Being driven isn’t the problem. Having goals isn’t either.
The problem is being controlled.
When I said no to snorkeling, I was shocked enough by my response that I became willing to reassess everything.
That’s when it became crystal clear:
I had changed faster than my goals.
Even “sailing around the world” belongs to an earlier version of me — someone sitting at a desk imagining freedom. The version of me now knows what freedom costs & what it gives back in return.
I feel a deep unease anytime I contort myself to meet a goal that no longer fits who I am.
I’m not sure where I’m heading, or how I’ll change, & that’s the point.
Having a vision matters. Working toward something meaningful matters. But being ruled by goals? That’s misery.
The people I admire most aren’t the ones chasing or attaining the biggest outcomes. They’re focused on a way of life aligned with their values & they adjust when they learn something new about themselves — including that they want something else.
I don’t need to sail around the world, build a massive audience, or have a waiting list of clients to be successful.
I’m a success because I left the dock.
Because I try & keep putting myself out there.
Because I’m building a new relationship with fear & the unknown.
Because I feel alive, I’m helping others, & I have my basic needs met.
A successful newsletter, to me, is a community of people thinking seriously about how to live well.

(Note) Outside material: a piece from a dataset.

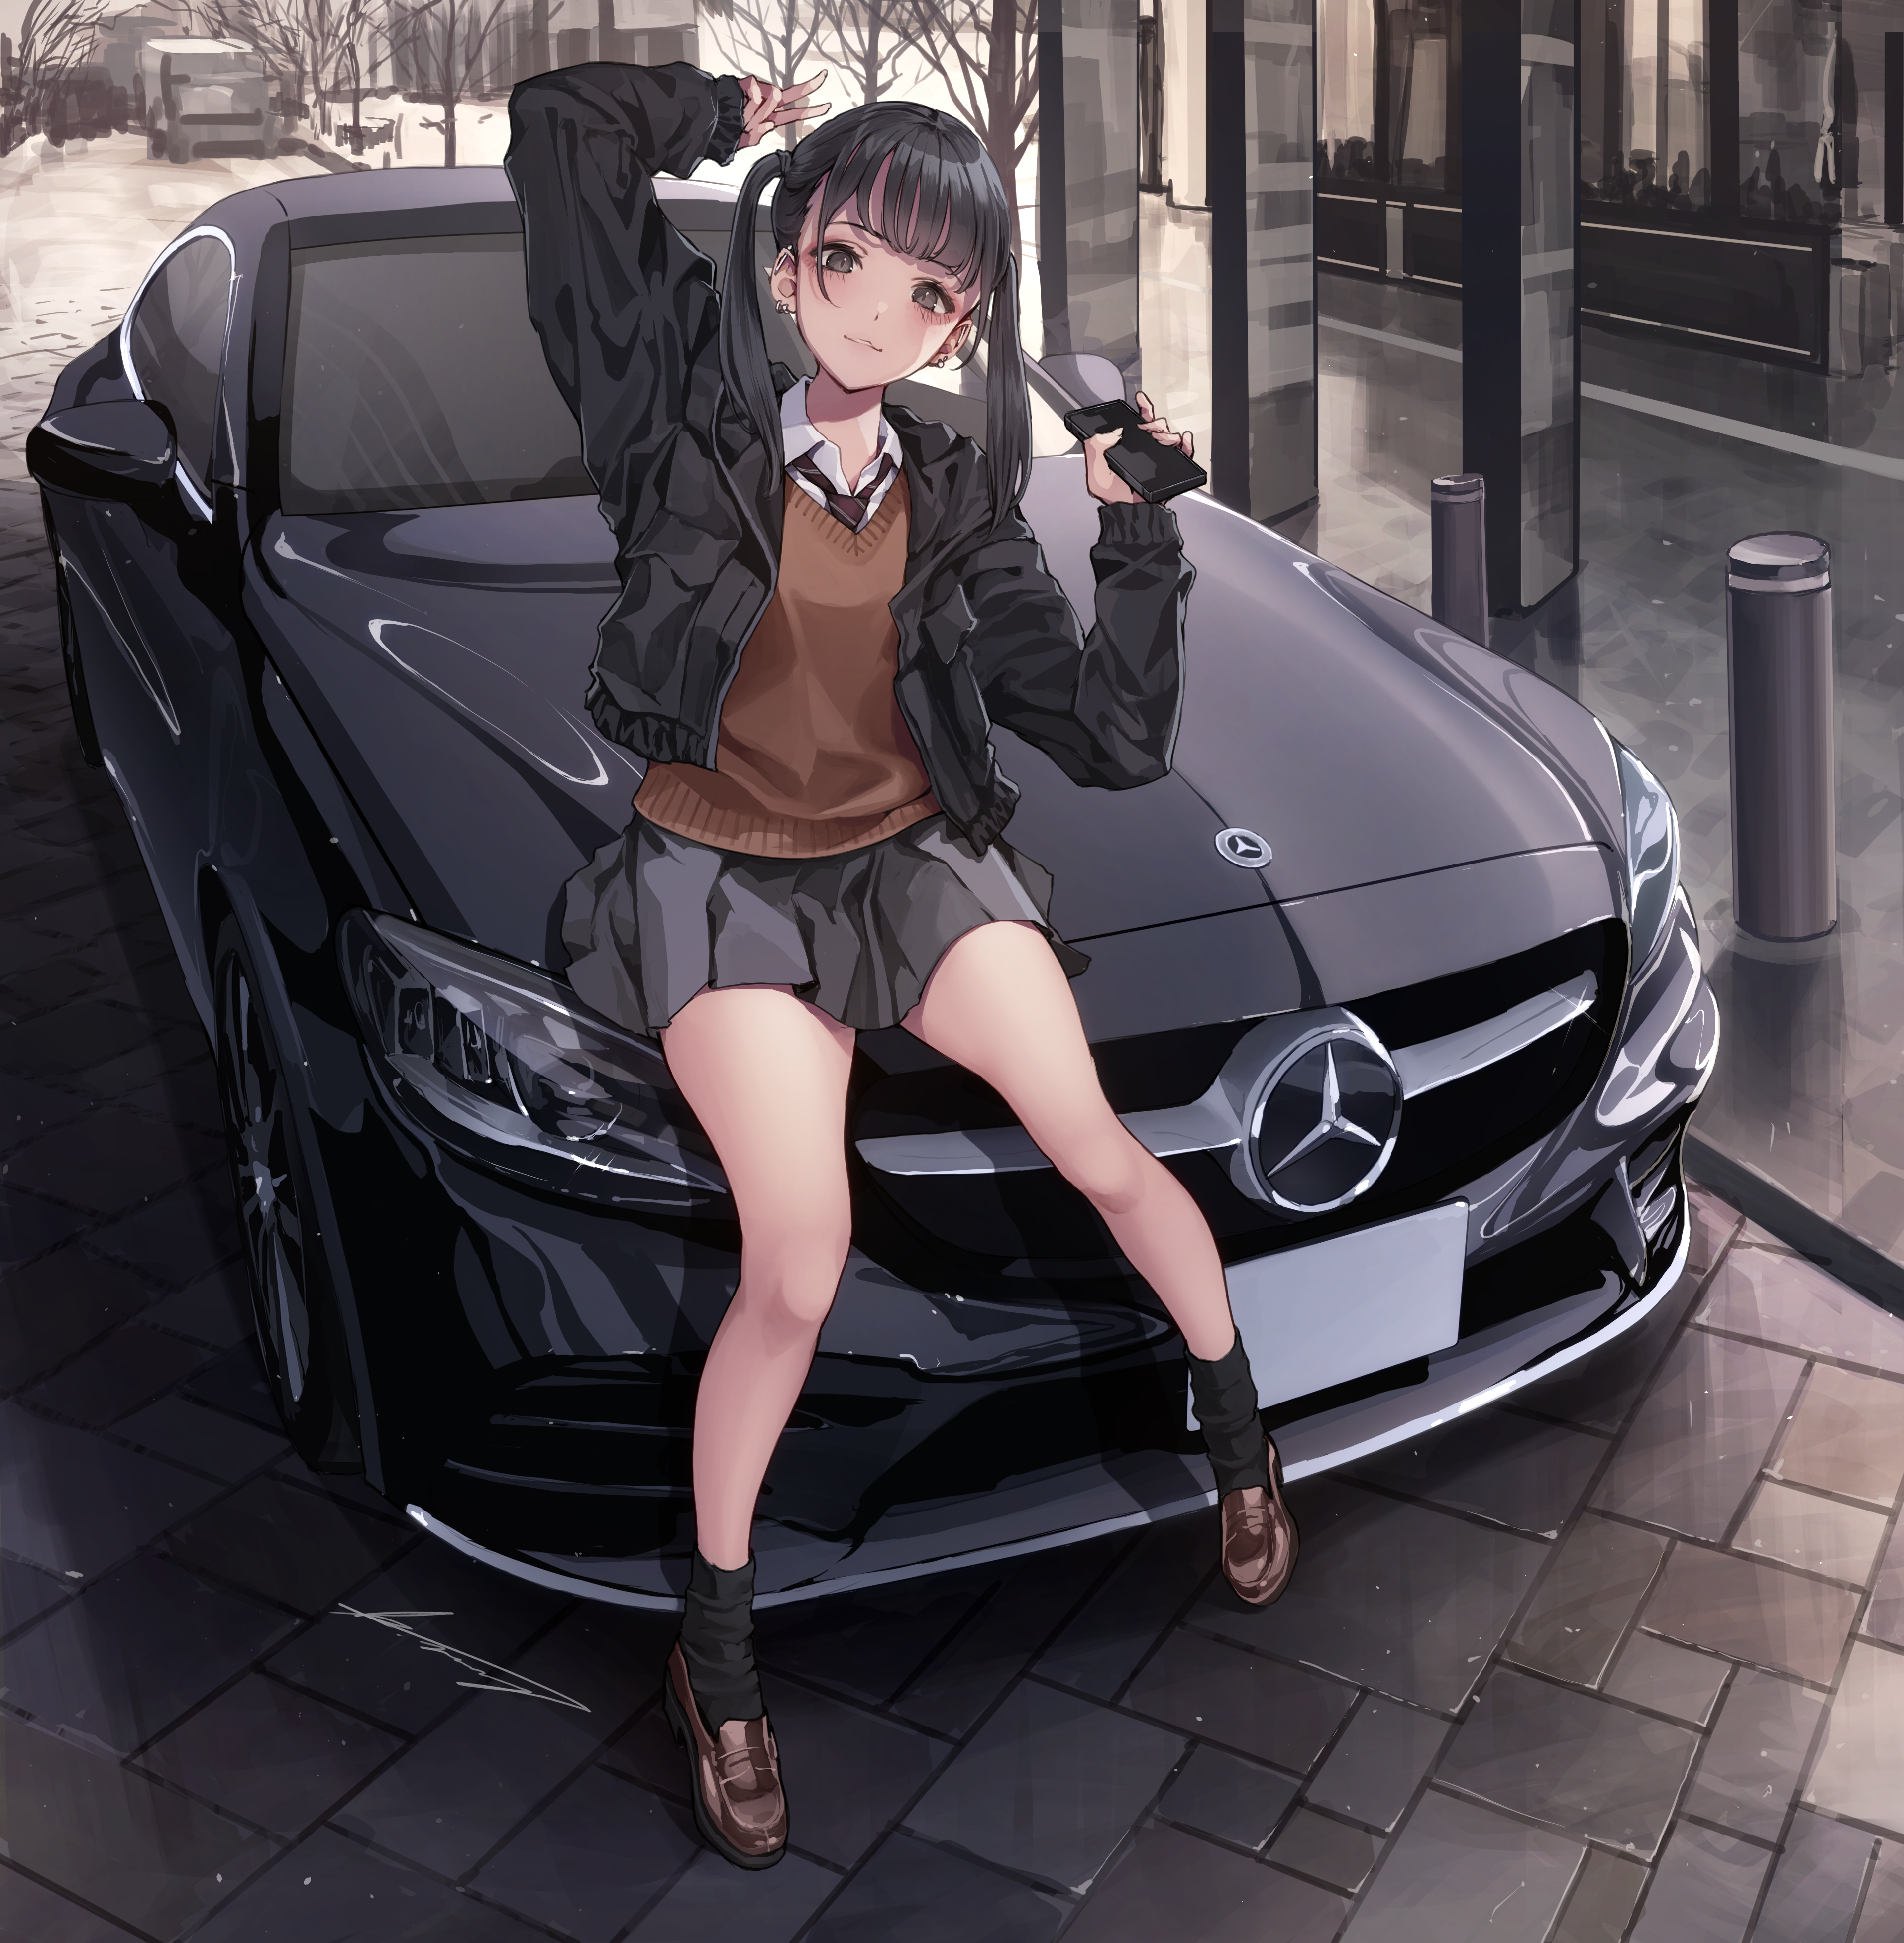 Anime Girls Original Characters Black Cars Mercedes Benz Car School Uniform Black Hair Pigtails Koh 3826x3904
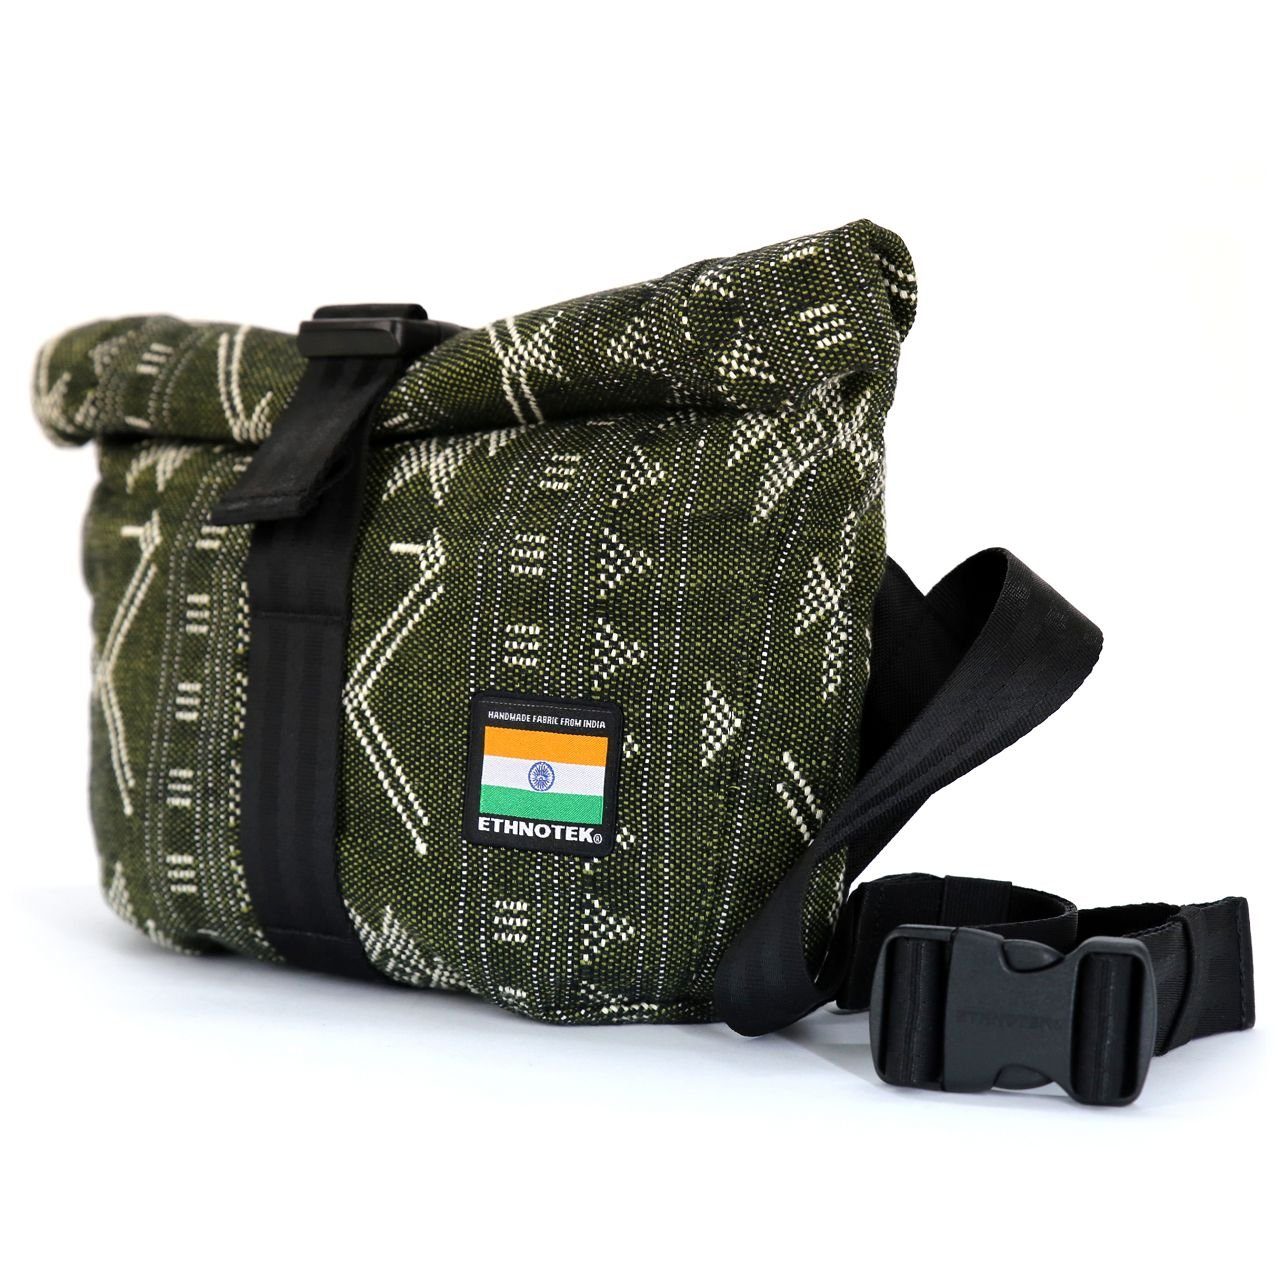 India 19 Sling Bag Messenger Cyclo Umhängetasche Ethnotek Classic

A thriving business is one that supports my life, help others in important ways, & lets me feel like I’m doing meaningful work.
This is enough.
So yes — I changed my mind about snorkeling that day.
I said yes.
And I didn’t miss anything.

If you’re navigating a transition of your own — career, identity, pace of life — this is exactly the kind of work I do with coaching clients. Just thoughtful, honest conversations about what “enough” looks like for you.
You can learn more about my coaching practice here.
Until next time,
—Cory
P.S. Want to support this work directly? Either subscribe or buy me a coffee — every bit helps keep us sailing and writing.




I’m so glad you said yes and noticed this pattern. This is the undoing of your societal conditioning. It will take you many more months, if not years, to undo most of it. Trust me, I understand full well what you are going through. Just keep making sure you enjoy the places you visit. Even if you can return to them someday, they will never be the same.
Cory... This landed hard — especially “I had changed faster than my goals.” That’s such a clean, unsettling truth, and one most driven people don’t catch until they’re already resentful or numb.
I recognize that moment you describe — saying no to the thing that was the whole point — and realizing the cost only afterward. It’s sneaky how easily “freedom” turns back into self-imposed structure if we don’t actively protect leisure as something sacred, not leftover.
Defining enough feels like the real work here. Not as a finish line, but as a living boundary that needs revisiting as we change. I love that you’re treating it as an experiment, not a declaration.
And yes — saying yes to the reefs feels like a quiet rebellion against an older self who thought aliveness had to be earned.
Thanks for writing this one. It feels like a permission slip a lot of people don’t know they’re allowed to write for themselves.